WHAT YOU WILL DO —
The line with "Field of sunflowers by maxmitzu" starts the range, and the last line of the listing ends it. Retype that range exactly, without pictures.

DATA SECTION —
= = = =

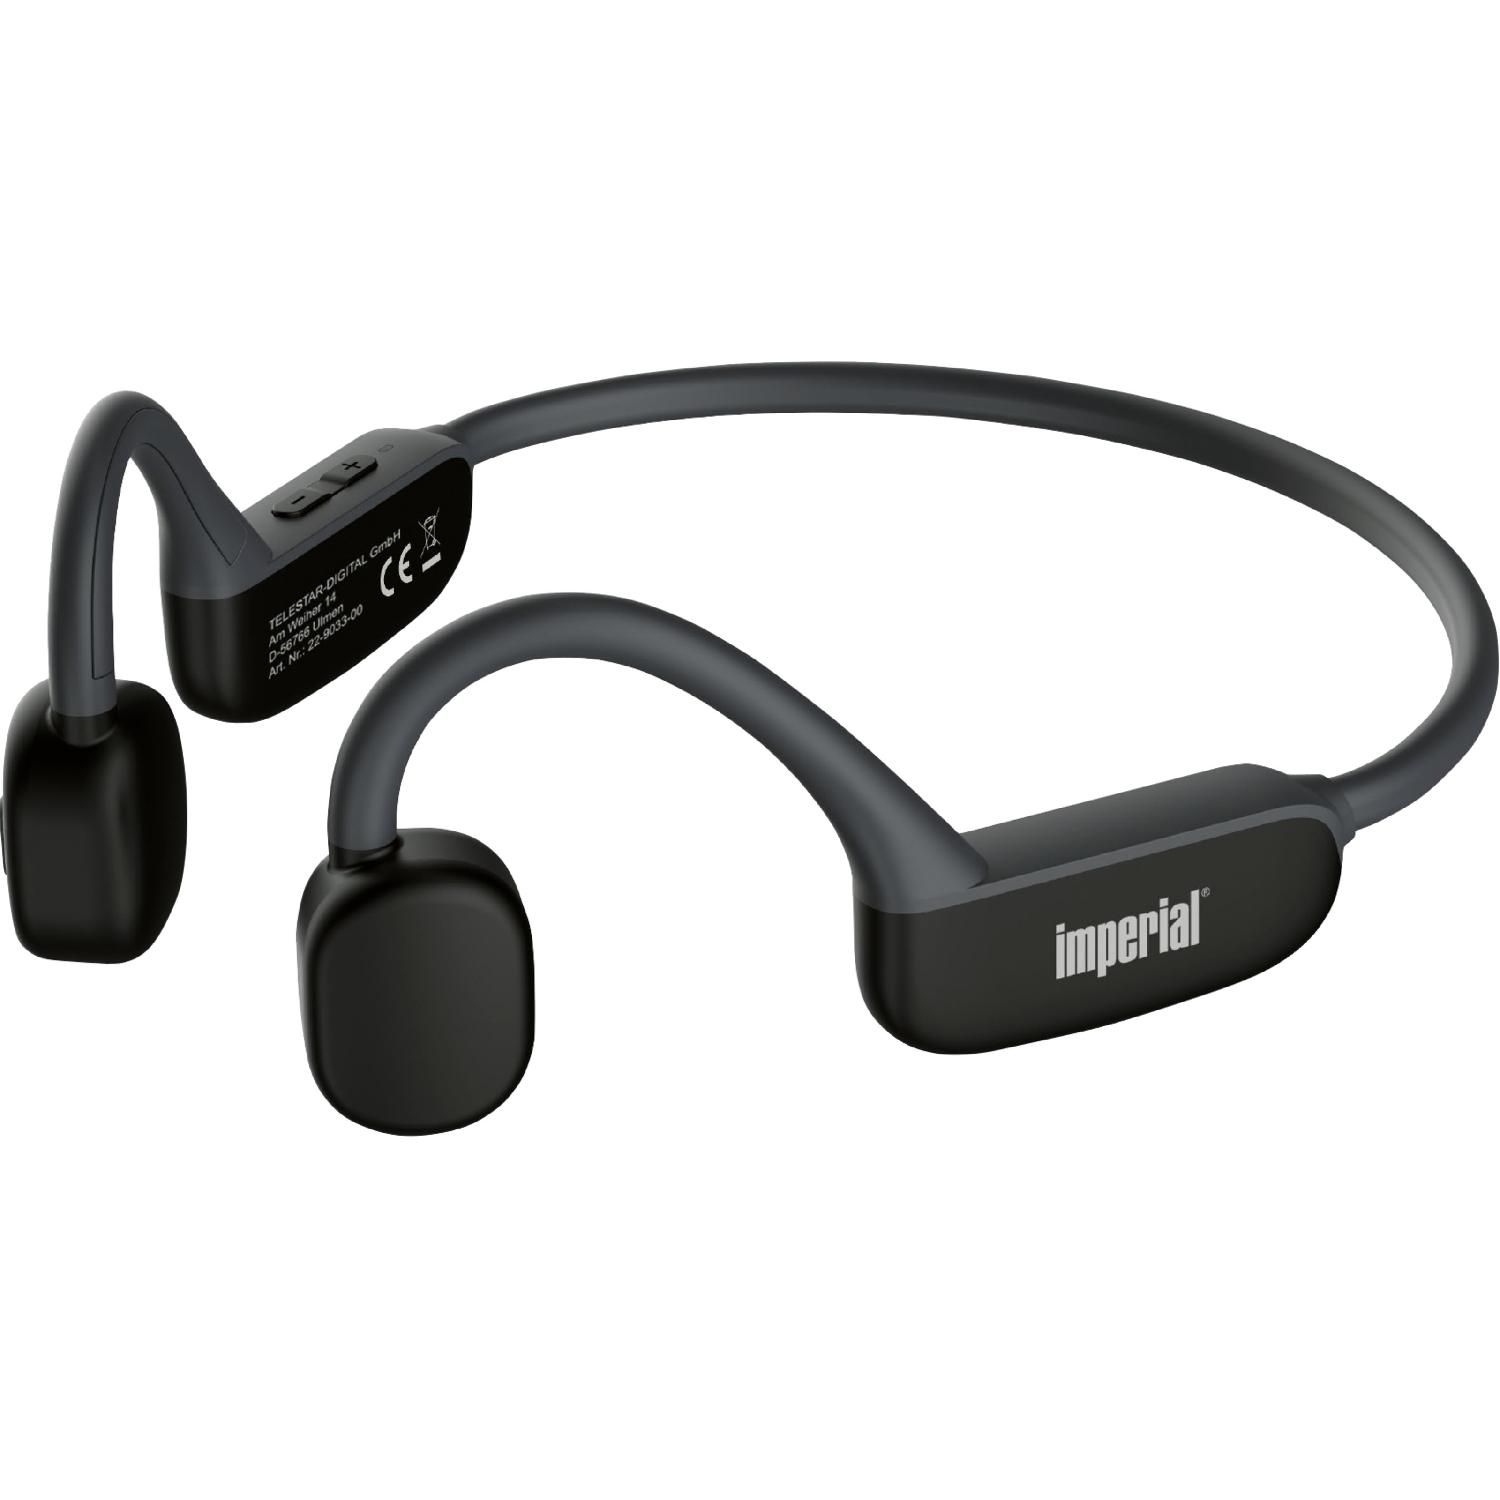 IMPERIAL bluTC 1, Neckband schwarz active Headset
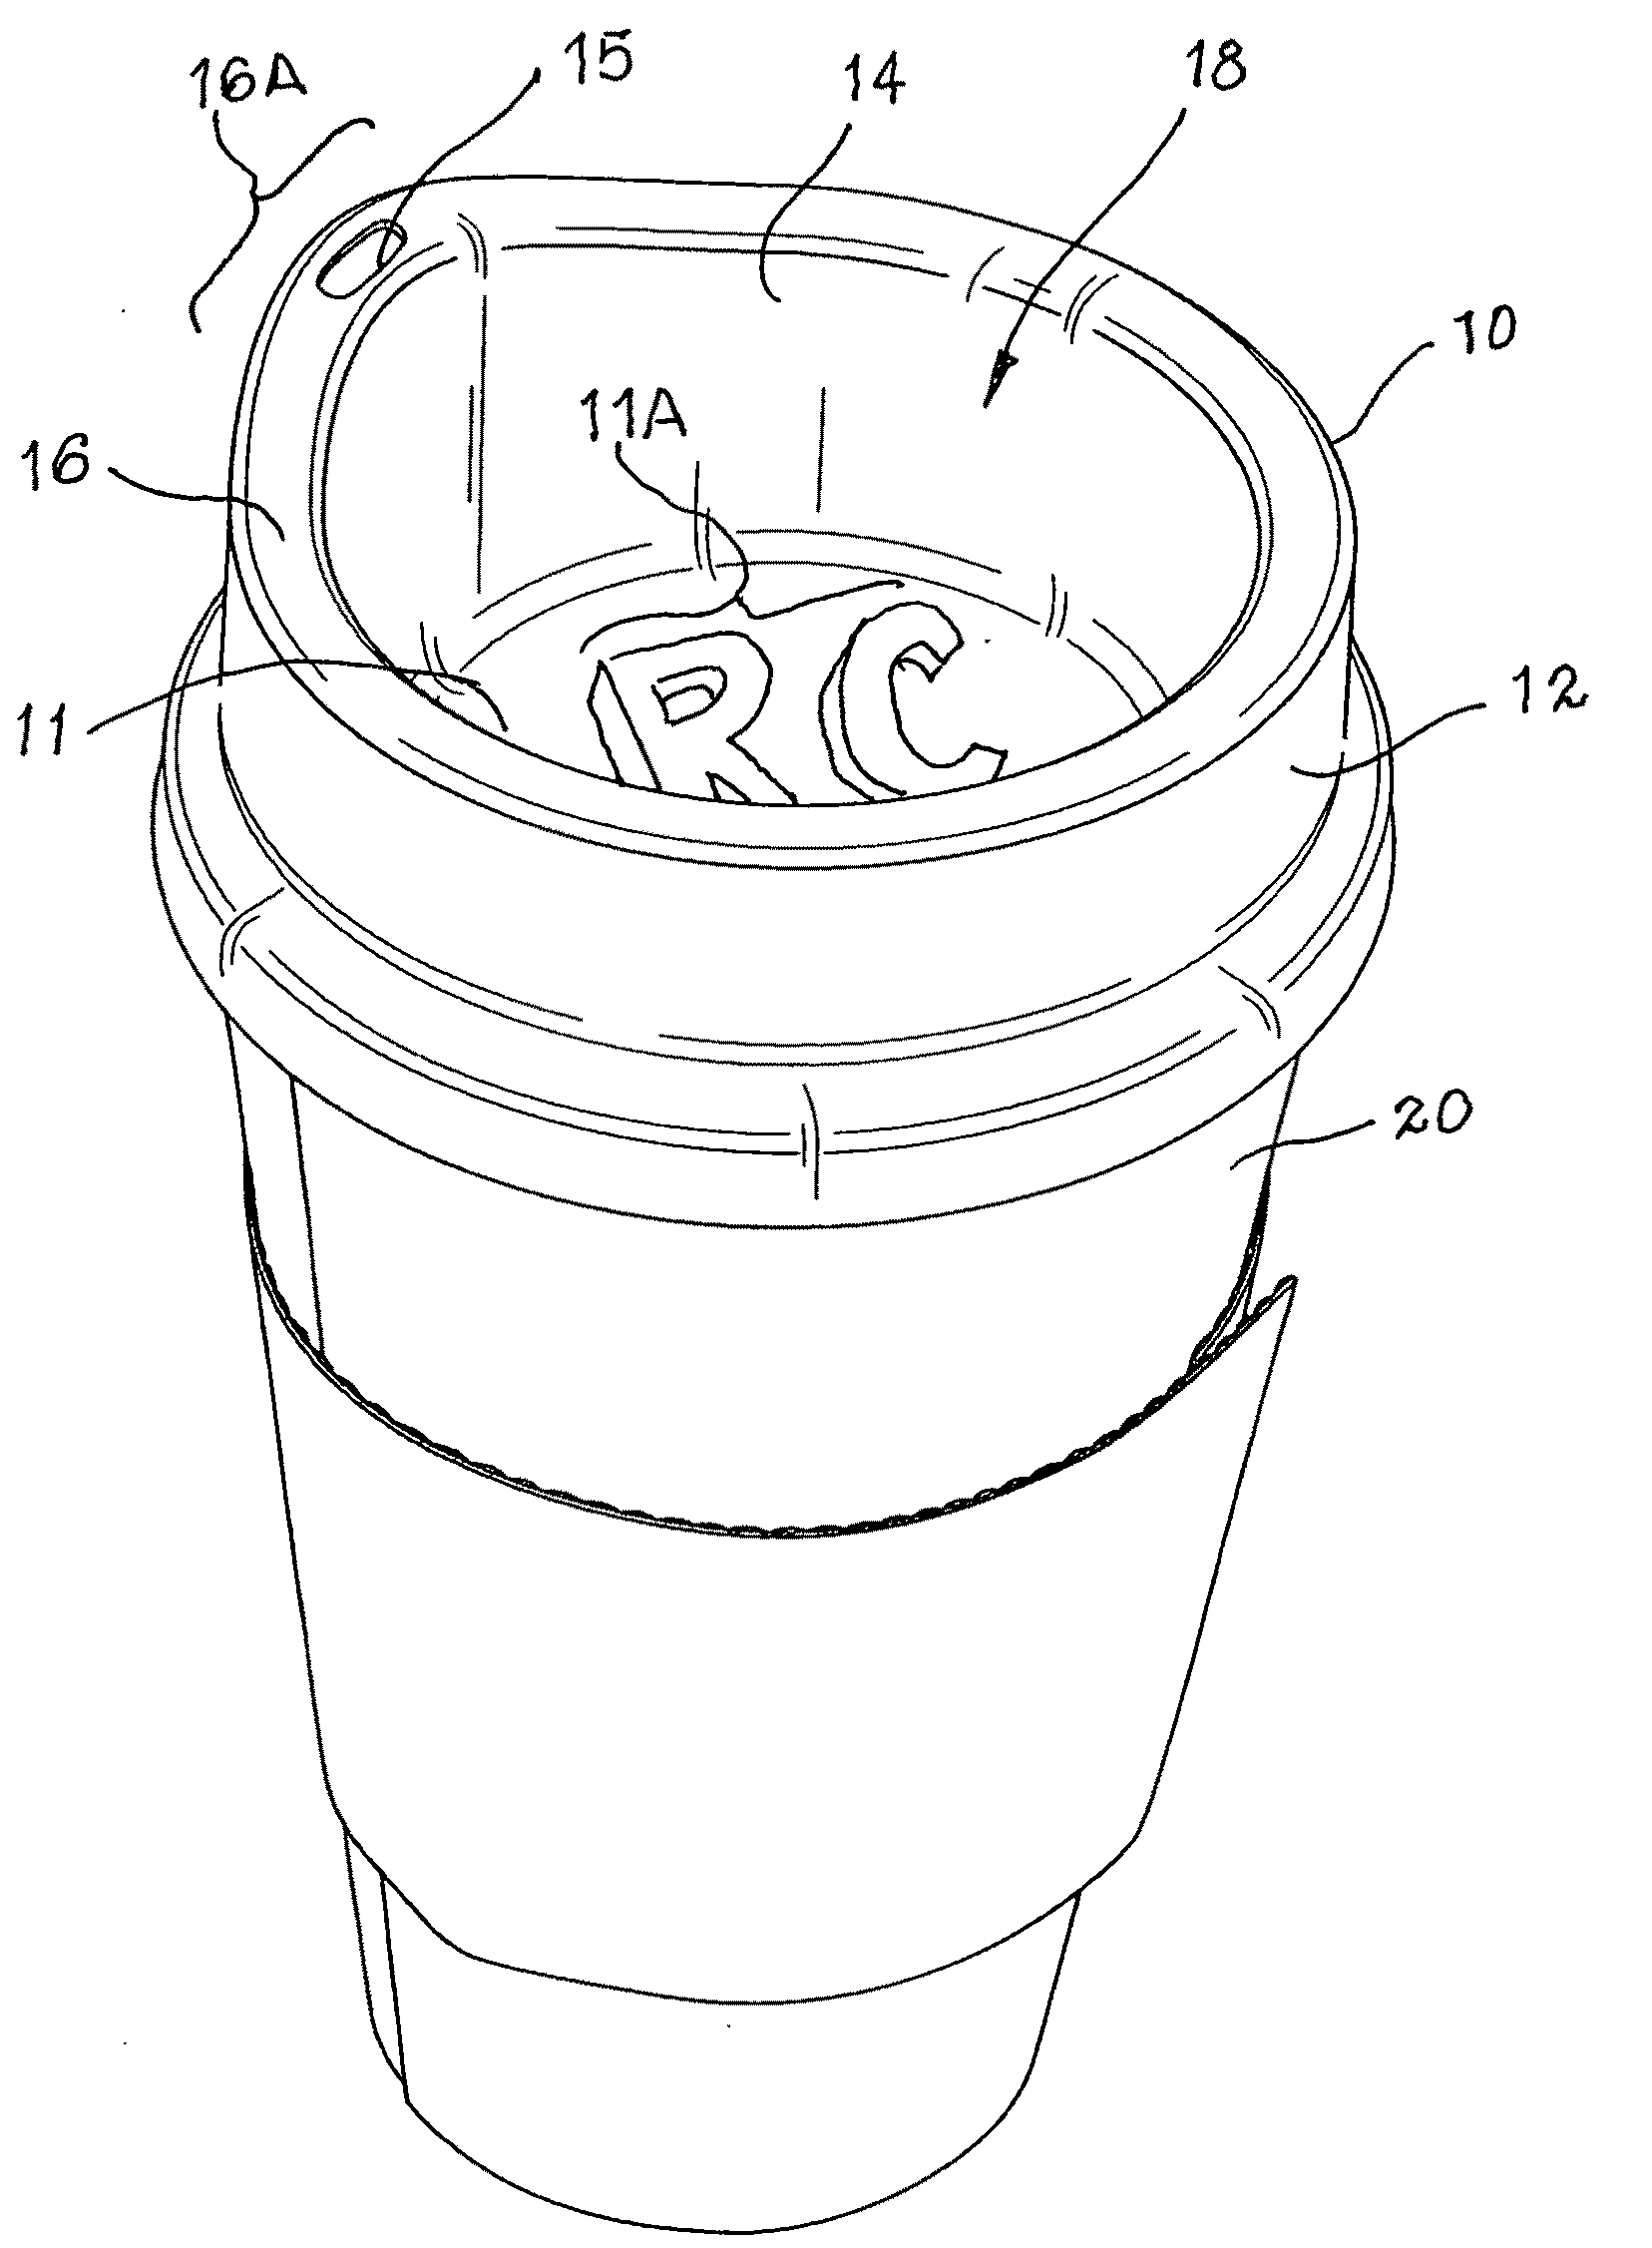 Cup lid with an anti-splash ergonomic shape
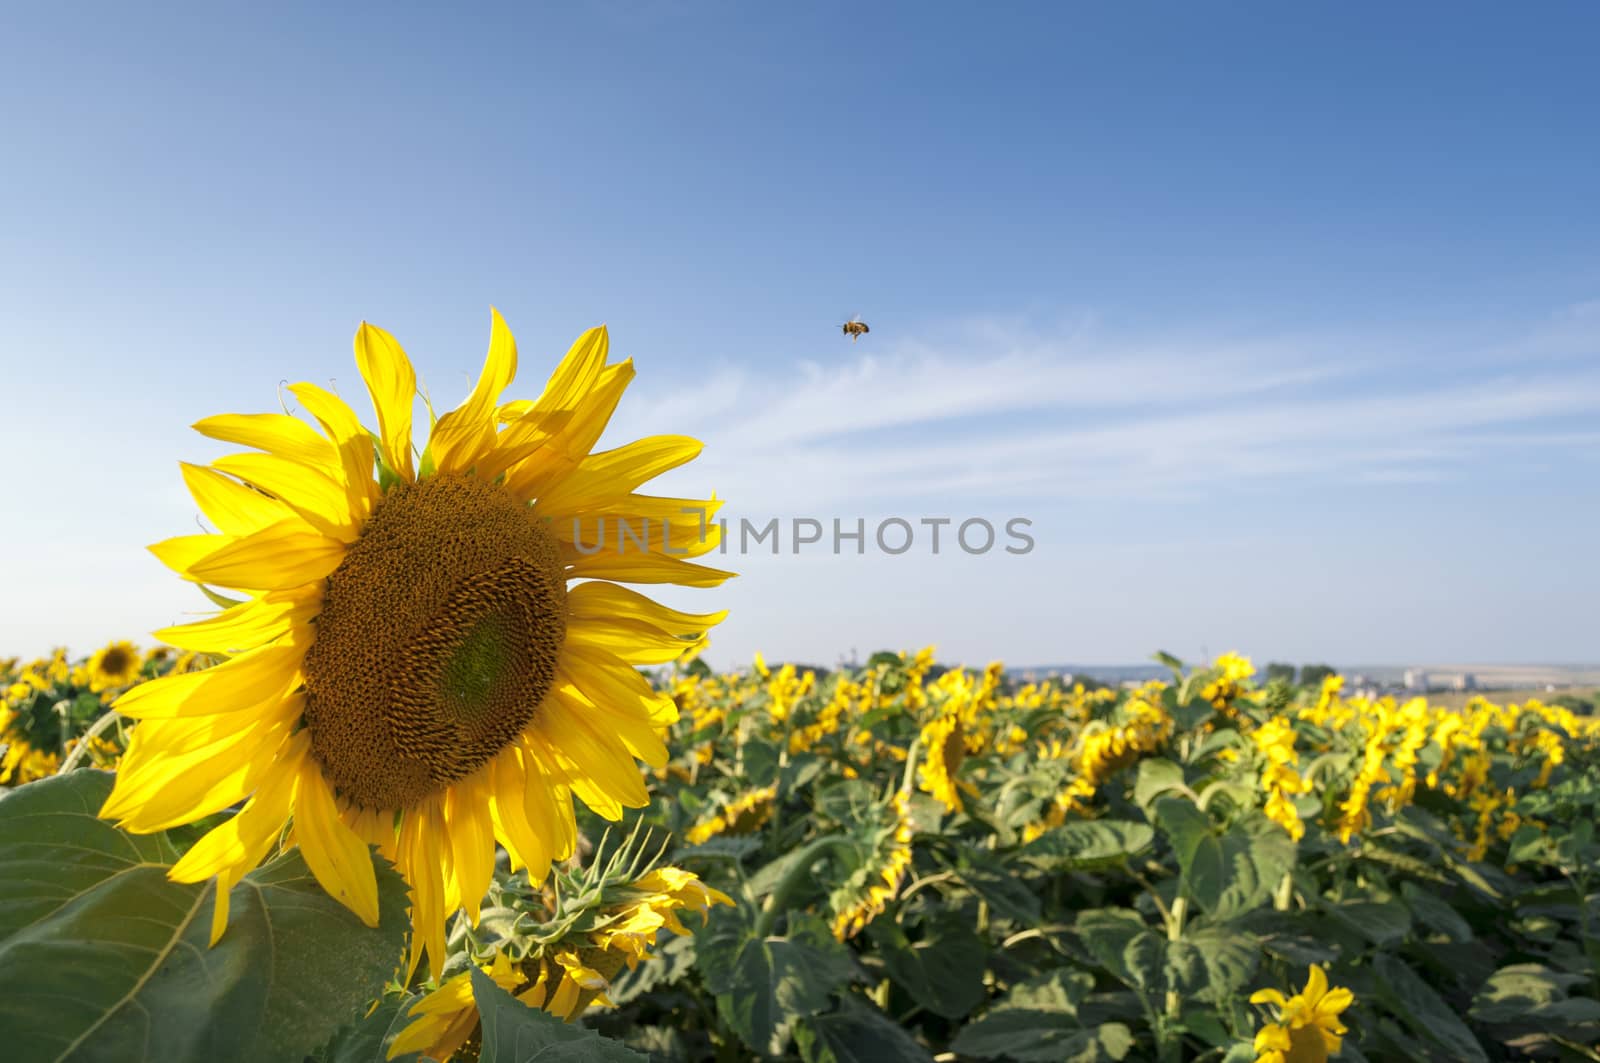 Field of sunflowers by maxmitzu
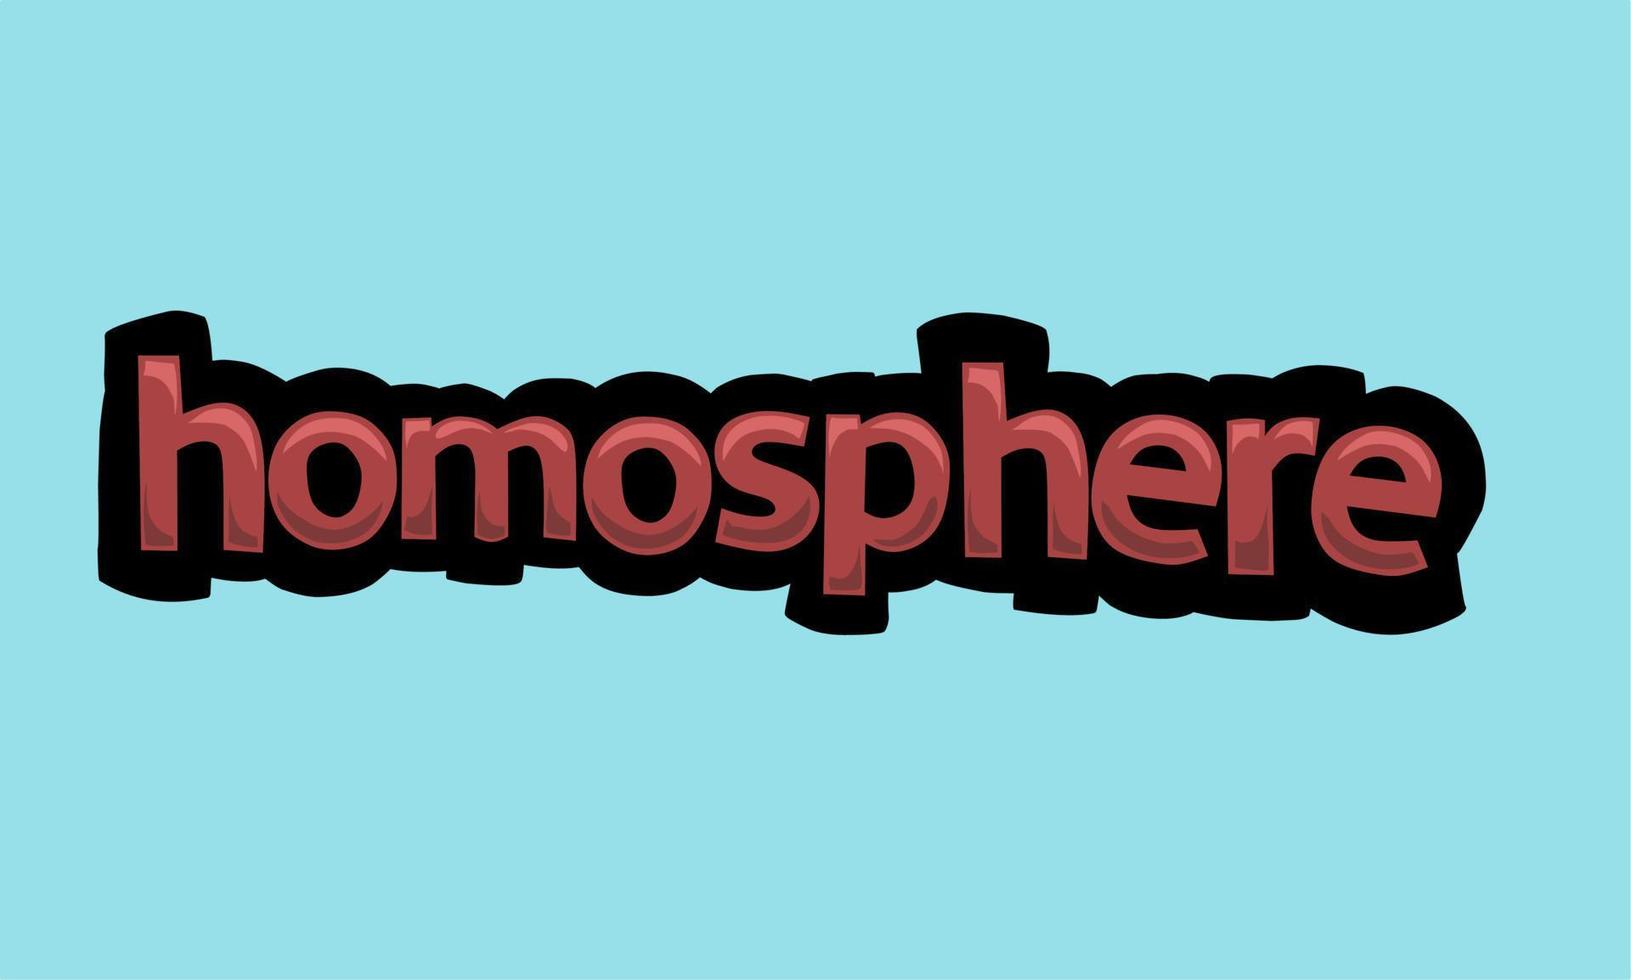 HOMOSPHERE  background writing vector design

= = = =

SOLUTION FOR THIS EXERCISE —
 Field of sunflowers by maxmitzu
 HOMOSPHERE  background writing vector design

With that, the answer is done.